Sorry I am not totally clear on what you are saying? This will only get here if it is not an SGPR to VGPR spill slot (tested in spillSGPR / restoreSGPR).


Again, I am not clear on this. Can you explain further?


Agreed, I will work on a follow up change to directly emit VMEM.

critson updated this revision to Diff 265474.May 21 2020, 4:22 AM
critson marked 5 inline comments as done.
  • Address comments.
  • Add MIR test.
critson updated this revision to Diff 266173.May 26 2020, 5:10 AM
  • Tidy test whitespace
  • Directly output buffer_store/load from SGPR spill.
  • Add assertion for type of spill slot.
arsenm added inline comments.May 27 2020, 3:59 PM

These are the same thing. getMatchingSuperReg should return MCRegister.
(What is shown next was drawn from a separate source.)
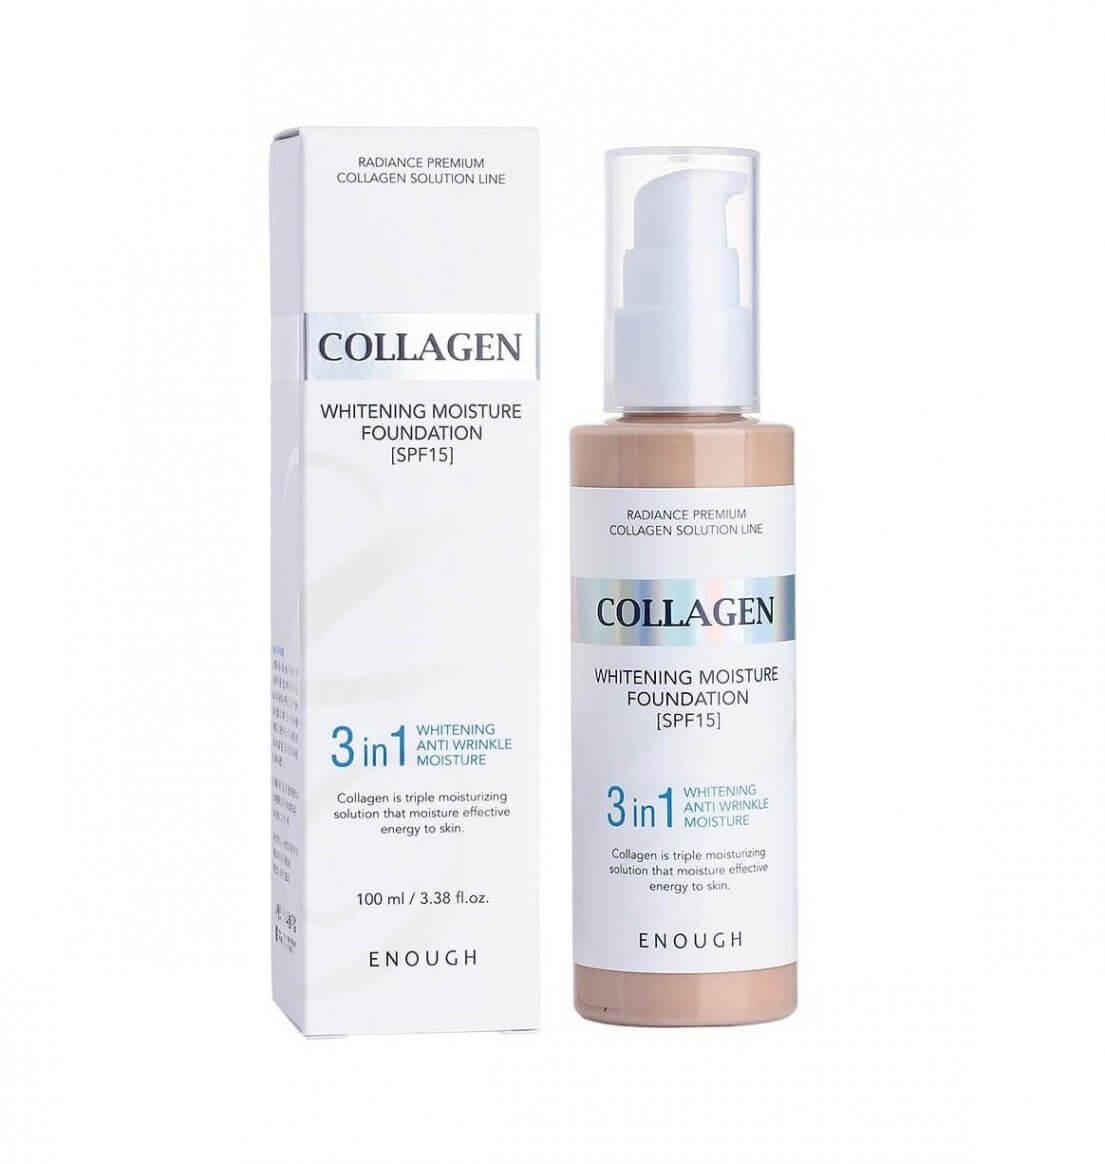 Тональный крем Enough Collagen Whitening Moisture Foundation

All of the unsigneds refering to registers should use Register


But is there an actual benefit? I don't think the hardware saves anything by having fewer lanes. I would rather not add complexity to handle a hypothetical case that doesn't provide a real benefit


It's hard to follow how all of the SGPR->VGPR spills work, and it doesn't hurt to be sure this is definitely not an SGPR frame index


I mean the usage of the MachineMemOperand isn't correct with respect to alignment. It's supposed to be expressed as a base MMO alignment with an offset applied. You're trying to figure out the total alignment. There are helpers for getting the memory operand with an offset

critson marked 12 inline comments as done.May 27 2020, 8:26 PM
critson added inline comments.

I have simplified the code.


Assertion added.


As this now directly calls buildSpillLoadStore it only needs to generate an MMO for the base pointer (with base alignment), and the offset is passed directly to buildSpillLoadStore which handles any further alignment requirements (in the way suggested).

critson updated this revision to Diff 266726.May 27 2020, 8:27 PM
critson marked 3 inline comments as done.
  • Address outstanding comments.
  • Add stack offset checks to MIR test.
critson updated this revision to Diff 267426.May 29 2020, 8:13 PM

Update spill-wide-sgpr.ll for new tests in master.

arsenm accepted this revision.Jun 2 2020, 12:43 PM

LGTM with some comment fixes


The "In which case use VGPR." reads weirdly to me





This revision is now accepted and ready to land.Jun 2 2020, 12:43 PM
This revision was automatically updated to reflect the committed changes.